Botanical Name: Taraxacum Officianale | Family: Compositae
Common name(s): Dandelion
- Perennial, herbaceous, broad-leaf | zones 3-9 | full sun to part shade | 8 – 24″
- Found everywhere, lawns, gardens, roadsides, etc. Does best in fertile soil.
Parts used: Roots, leaves, flowers
Harvest leaves anytime, but spring leaves are less bitter. Harvest roots in the early spring or the fall before they get too woody. Harvest the flowers while they are blooming (and leave some for the bees!).
PREPARATION / DOSAGE
Infusion: prepare the leaves as a tea.
Decoction: 2-3 tsp dandelion root to one cup water; bring to a boil and simmer for 10-15 minutes. Drink 3x/day
Tincture: take 5-10ml of the tincture 3x/day
Food: All parts are edible, young leaves are good in salad, roots can be roasted and ground to make a coffee substitute, or cooked and eaten like any root vegetable. The flowers are edible, too.
Cautions: Some people are allergic to the milky latex of the flowers and stems
- A Modern Herbal, Mrs. M. Grieve
- Holistic Herbal, David Hoffman
- Homegrown Herbs, Tammi Hartung
- Medicinal Herbs, Rosemary Gladstar
- The Way of Herbs, Michael Tierra
- K-State on Dandelion
* each of my sources listed a bunch of different chemical constituents so I’m just generalizing some of them, as well as listing other recognizable ones.

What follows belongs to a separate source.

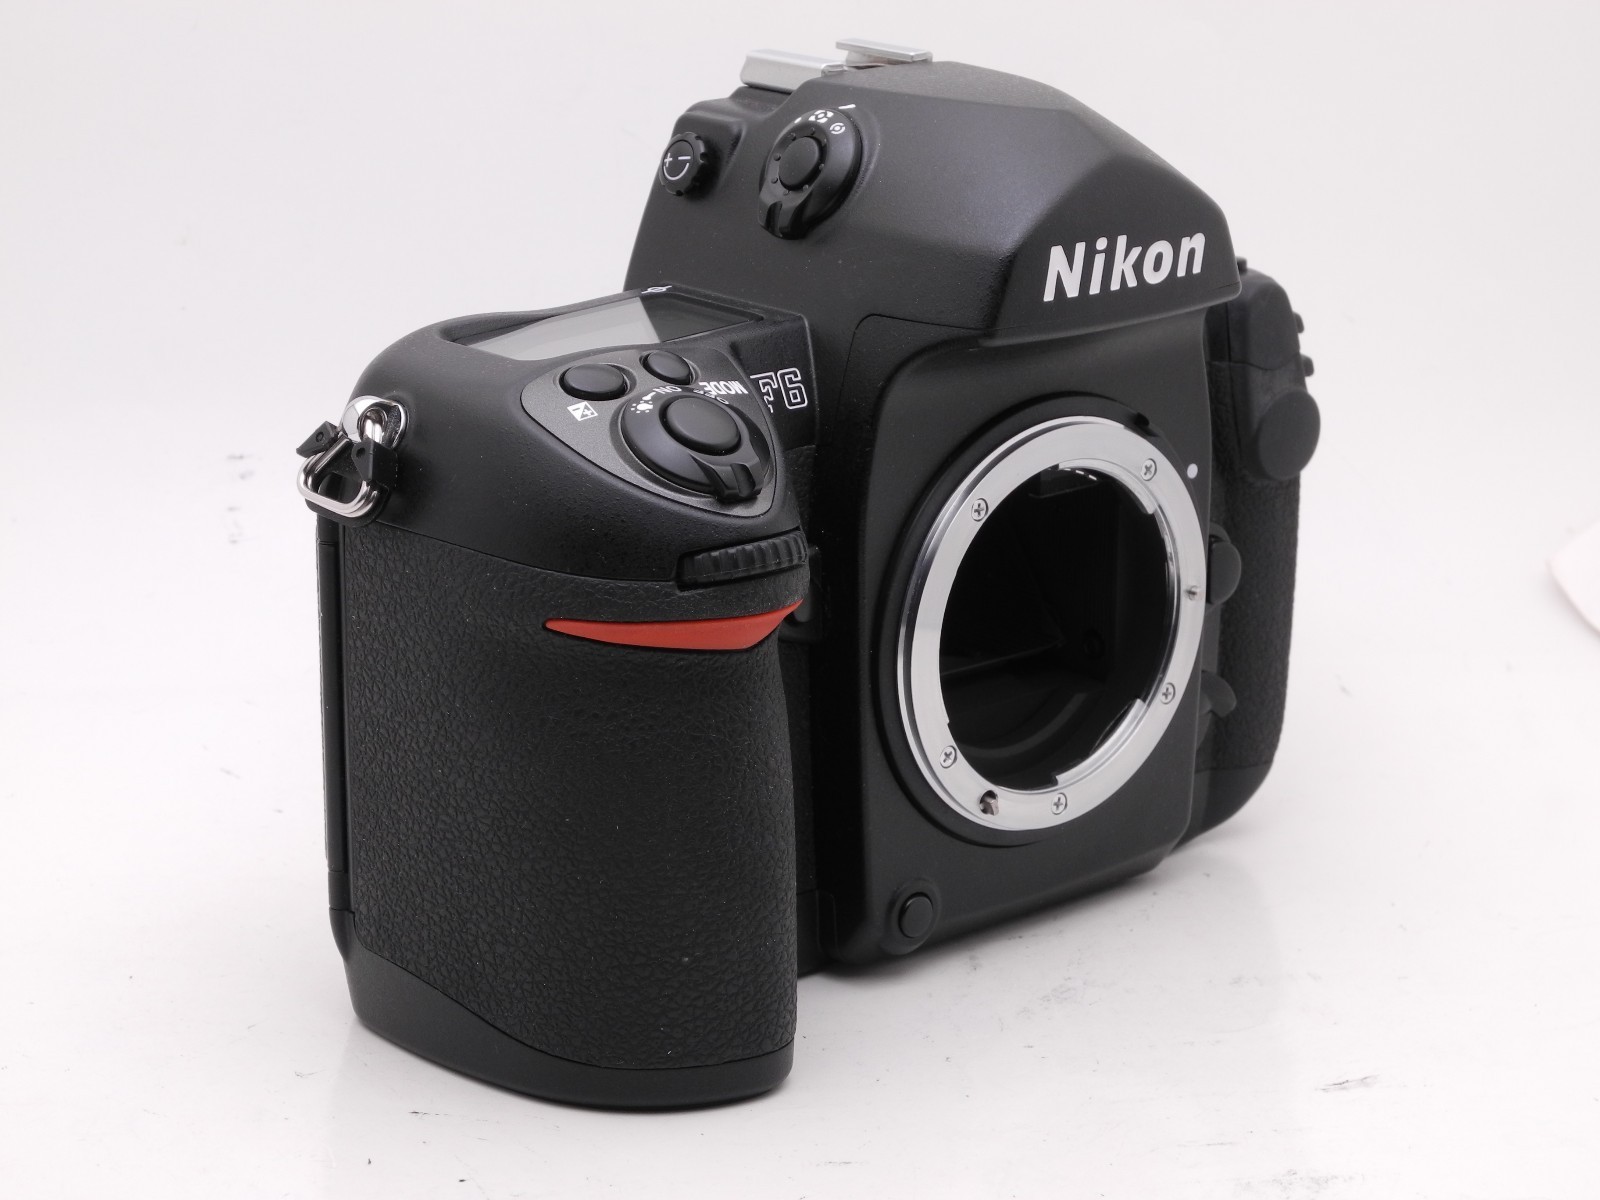 Nikon F6 Video SLR Camera Features

I’ve always loved dandelions, but never ate them before, or used them medicinally. I made some tinctures this year – a vinegar-based and an alchoholic-based one. And I’ve roasted the roots and ground them to make a coffee substitute. They smell wonderful while roasting. But they are as bitter (or more bitter, according to my husband) as coffee. My son, who can’t do caffeine said they taste just like coffee, so there you go. A couple of verdicts. I tried some, man is it bitter, but I feel the same way about coffee.
As for the leaves, I’ve tried them in salads and they are also a little bitter for my taste, but I’m hoping to develop more of a taste for bitter herbs because they are so good for you! We’ve gotten so far away from our wild food over time that most of us have lost the taste for it.